O ESTADÃO - 07/07
O êxito de uma travessia, em águas revoltas e insidiosas, é alcançar a outra margem, sem grandes perdas.
Não se pode cobrar, portanto, do governo interino de Temer grandes ousadias, como reclama o mercado. Afinal, ele tem de gerir a mais calamitosa herança governamental de que se tem notícia na história brasileira. Tem de enfrentar uma ardilosa guerrilha política, os caprichos de parlamentares viciados em práticas pouco virtuosas e um processo de impeachment, excessivamente formalista. A ansiedade por medidas, que demonstrem a disposição de enfrentar o dramático déficit fiscal, desconsidera as restrições de natureza política.
Os reajustes de servidores públicos, já aprovados na Câmara e os que ainda não integram os projetos de lei – como os dos funcionários da Receita Federal –, constituem compromissos que, conquanto não tenham valor jurídico, devem ser honrados, porque foi empenhada a palavra do Estado. Esse entendimento não autoriza concluir que a celebração desses acordos, tal como ocorre entre empresas e sindicatos, deva ser a forma de negociar reajustes de vencimentos de servidores. A rigor, representa um flagrante menosprezo ao papel constitucional do Congresso e às regras de responsabilidade fiscal.

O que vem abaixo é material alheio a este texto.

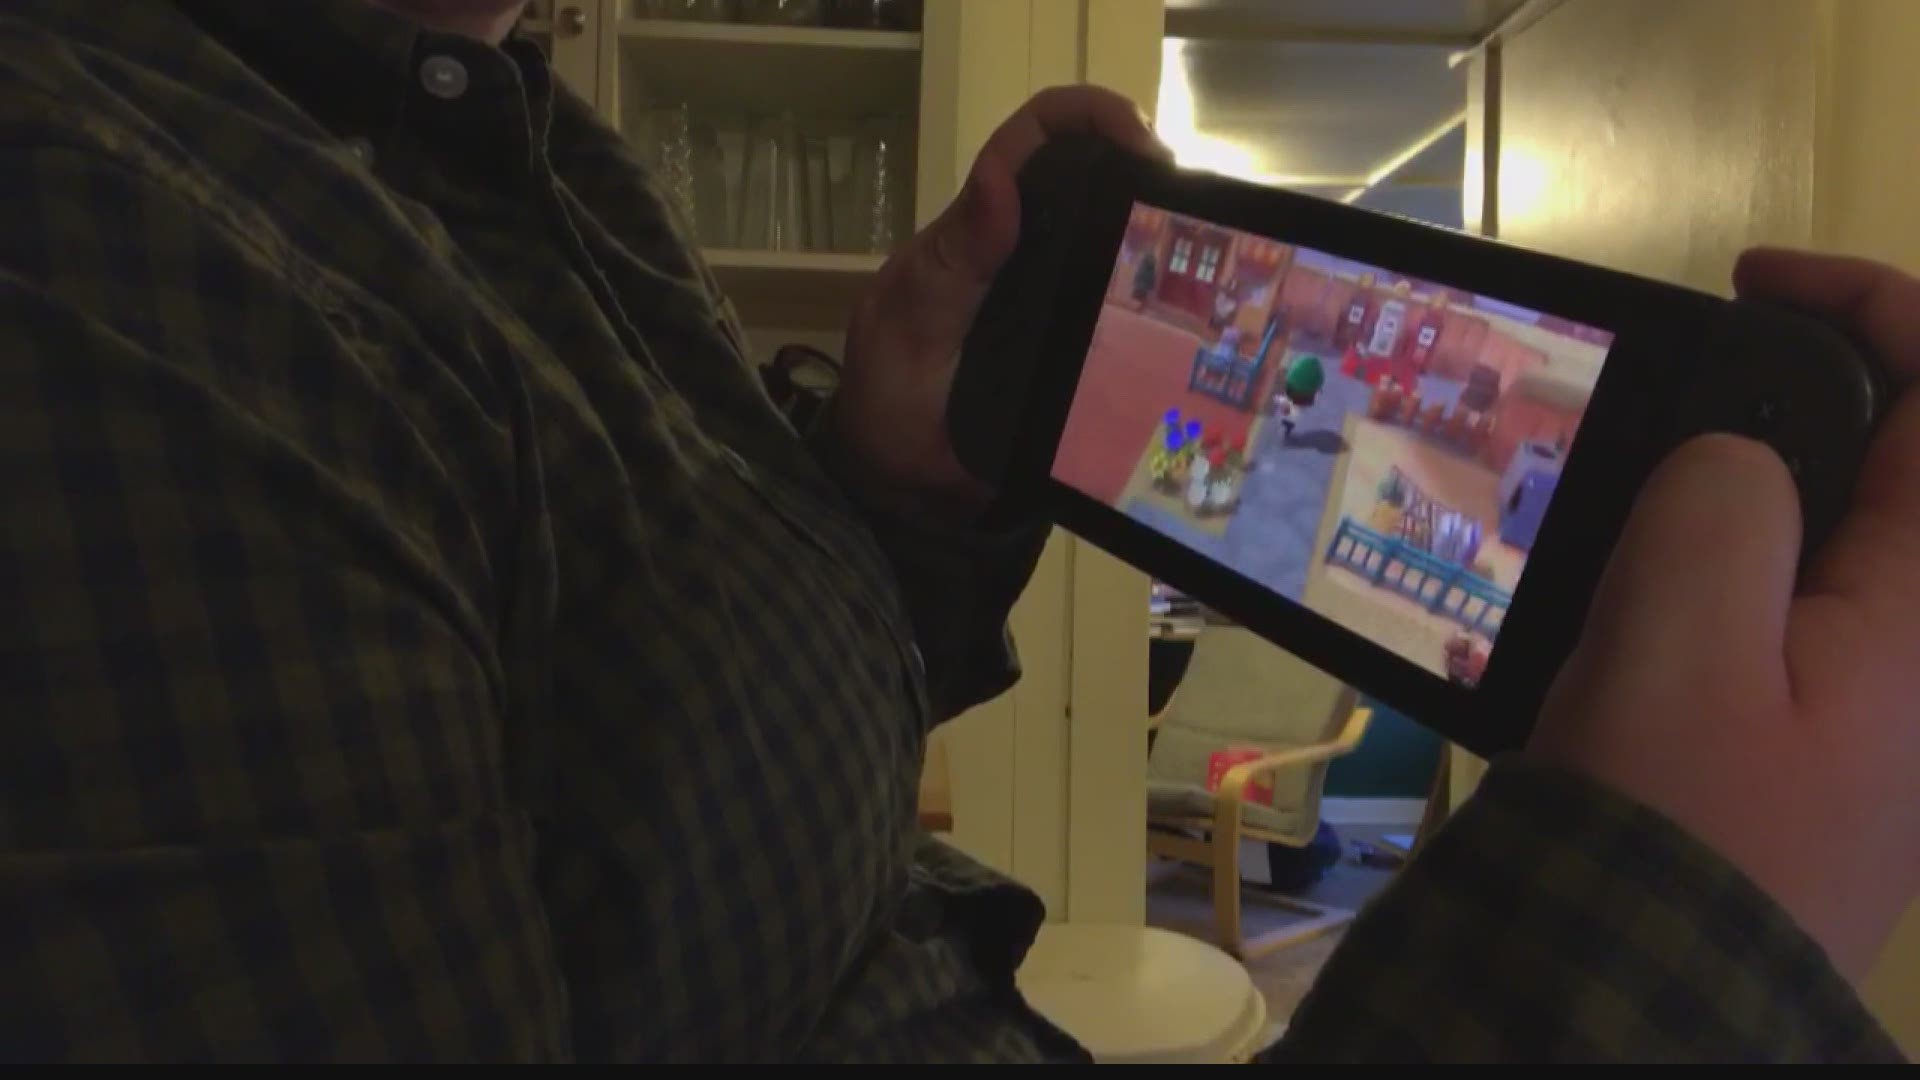 But a local expert says users should be aware of the risk of becoming addicted to gaming.

O legado maldito inclui também os imprevisíveis “esqueletos” financeiros, constituídos principalmente pela necessidade de aporte financeiro às estatais, e a caótica situação dos Estados e municípios, fruto da imprevidência fiscal e da recessão econômica.
O Rio de Janeiro, sede da Olimpíada, é o exemplo mais visível da situação falimentar da grande maioria das entidades subnacionais. A expansão descontrolada das despesas de custeio, em parte sustentada pelas instáveis receitas dos royalties, e a liberalidade na concessão de incentivos fiscais inconstitucionais converteram o Rio em uma espécie de Grécia do Sul, em que os aposentados não recebem vencimentos e a polícia recepciona os turistas com um “bem-vindo ao inferno”, ao mesmo tempo que houve o sucateamento da saúde pública e a instituição do império do crime pelos marginais.
Todos os especialistas sabem que não haverá equilíbrio fiscal sem uma profunda reforma da Previdência Social. Seu custeio responde praticamente por todo déficit fiscal. Essa imprescindível reforma, contudo, requer um tempo de maturação incompatível com a travessia.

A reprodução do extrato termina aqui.